[Cryptography] Defeating timing attacks

Ray Dillinger bear at sonic.net
Fri Jul 14 22:36:45 EDT 2017



On 07/14/2017 05:53 PM, John Denker via cryptography wrote:

> Furthermore, a much better way to defeat timing attacks is already
> known:
>  a) use a dedicated machine,
>  b) inside a Faraday cage, and
>  c) emit the results at some pre-arranged time.


Oddly enough, I have just finished putting a dedicated system inside a
Faraday cage, for a completely different reason.

My CNC mill generates a lot of radio-frequency noise.  The controller
box runs fine in the noisy environment (it uses a shielded parallel
cable) but the house wireless network would really rather not be
exposed to the radio noise of the dust extraction vacuum and spindle motor.

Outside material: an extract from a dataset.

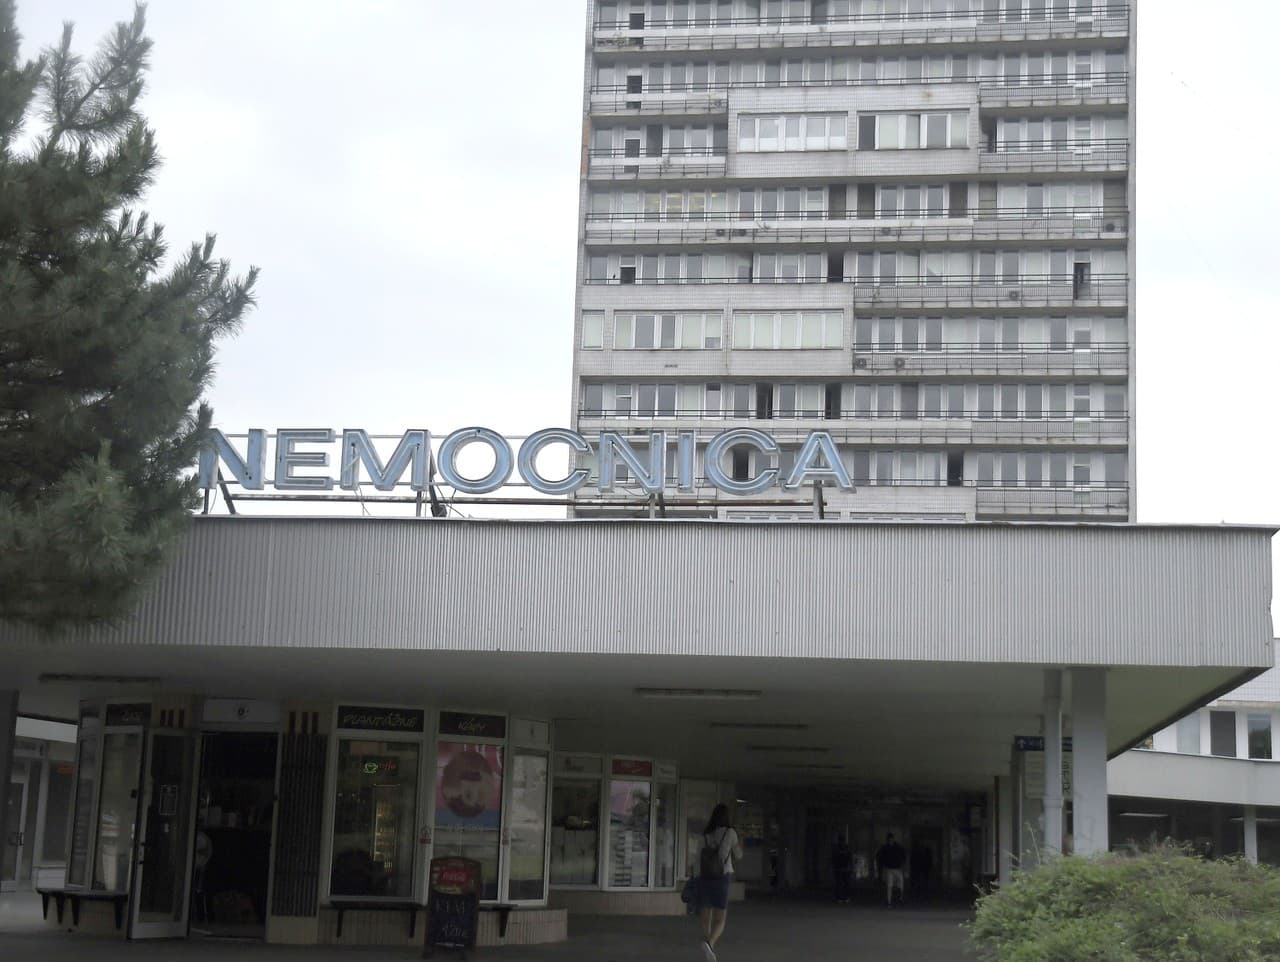 Univerzitná nemocnica Bratislava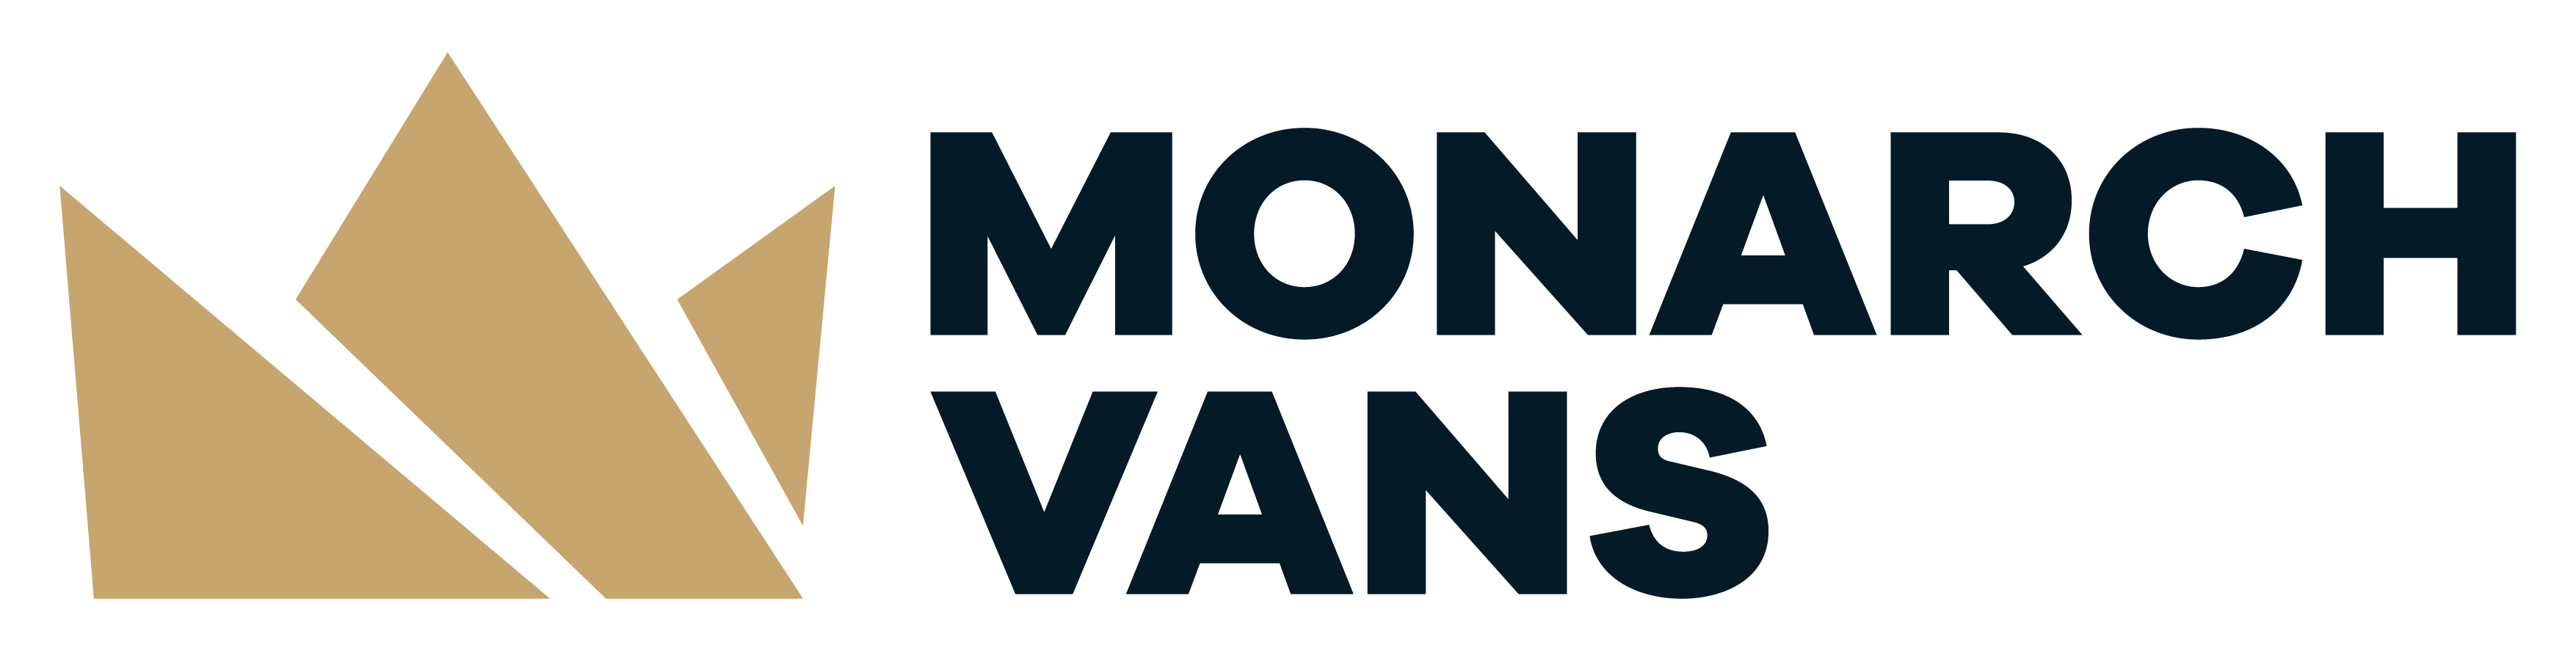 Monarch Vans Ltd logo

And it is already inside a box for dust and (audio) noise containment
purposes, so adding electronic-spectrum shielding amounted to a minor
mod of the box.

But forget the Faraday cage. The real secret of security on the CNC
controller is this:  Not connected to the Internet.  At all.  Ever.
So I'm reasonably confident of its security.

I suppose if I want to do some really serious everything-depends-on-it
secrecy crypto, doing it on that machine, while the mill and dust
extraction vacuum are running, and moving it to and from anywhere else
via (non-USB) sneakernet, would probably be the way to do it.